In a media briefing in November 2025, Singtel group CEO Yuen Kuan Moon noted that it had invested A$9 billion (S$7.7 billion) in capital expenditures at Optus over the past five years.
FY2027 outlook
Singtel plans to continue executing its Singtel28 strategy to grow its digital infrastructure and services. It is also repositioning itself as a global data centre player with some 2.8 gigawatts in design capacity.
It noted that Nxera’s 58 megawatt DC Tuas facility is almost fully contracted and “strong take-up” across its regional data centres.
Its digital services arm, NCS, is focusing on artificial intelligence acceleration across public sector, defence, homeland security, healthcare, transportation, telco and financial services.
Its near-term outlook for FY2027 is “more cautious” due to Middle East uncertainty, with earnings before interest and taxes growth forecast to be between low and mid-single digits.
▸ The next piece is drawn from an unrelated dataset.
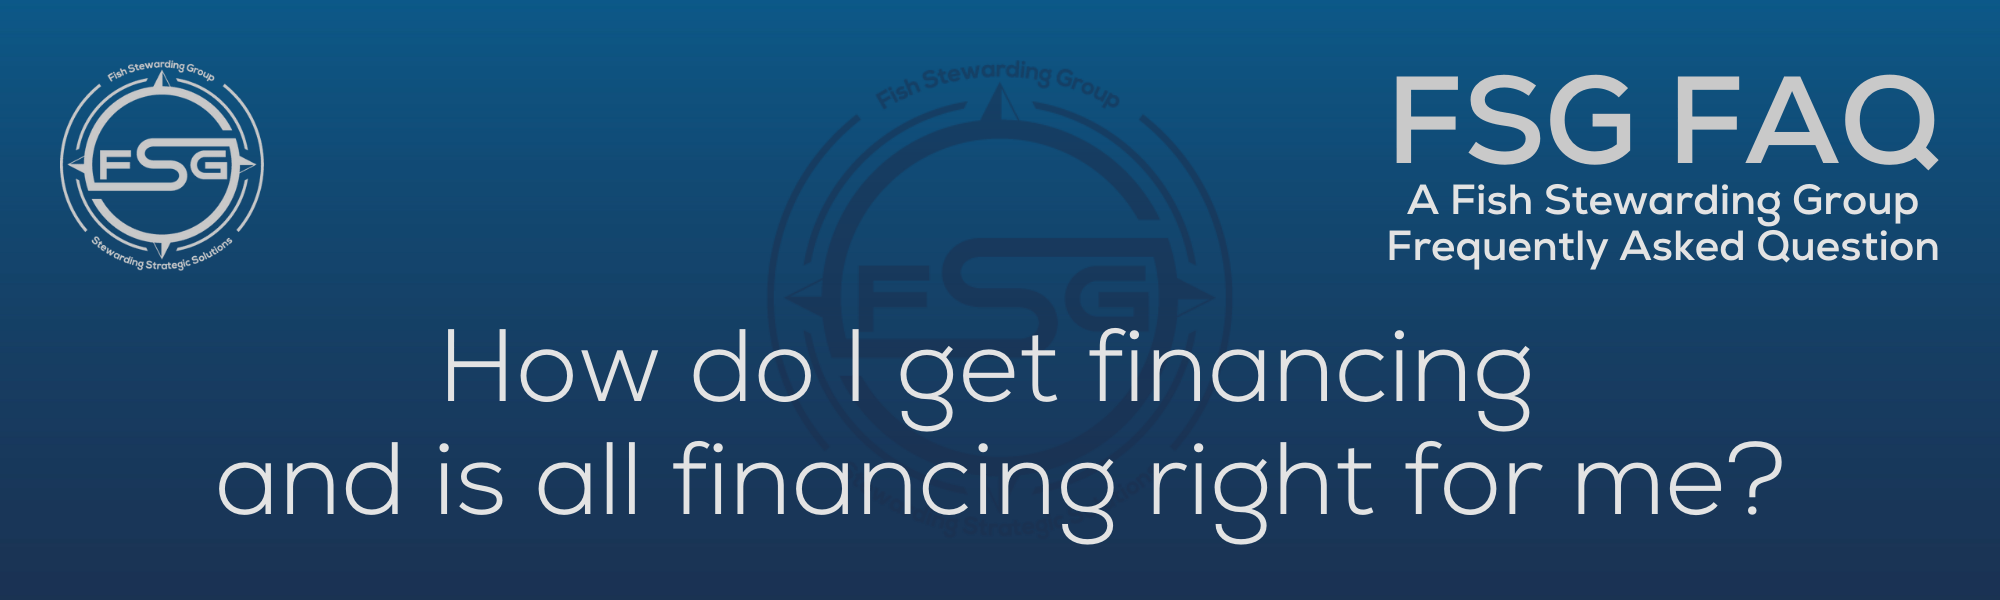 A rectangular and long thing Footer FAQ Image on the bottom of the How do I get financing? Page on the website. The background is a blue gradient color that goes from a dark blue on the bottom to a lighter blue on top. The text in lower center of the image in a light gray text that reads: How do I get financing? The text in gray in the upper right corner reads: FSG FAQ. Right beneath that is more gray text in a smaller font that reads: A Fish Stewarding Group Frequently Asked Question. On the upper left side is the FSG Logo in gray. The logo has the letters FSG in the middle with a circle with four pointed arrows facing north, south, east and west with the S connected to that circle. Four rounded lines make the next circle of the circle and the last layer is a thin circle with the text on the Bottom that reads Stewarding Strategist Solutions and on top, the text reads Fish Stewarding Group. And Lastly in the center background of the image is a watermarked FSG logo, faded in blue, in the background.

With no operations in the Middle East, the group said its direct exposure to the region’s crisis is limited. However, it noted that most of its key markets are net energy importers and “susceptible to global energy price volatility”.
“While existing long-term power contracts should help mitigate this exposure, there could be second-order implications in the form of inflationary pressure resulting in higher operating costs, softer consumer and business spending and slower economic growth,” said Singtel.
“This will affect the group’s foreign-exchange risk stemming from volatility in the regional currencies where it operates, further impacting translated earnings.”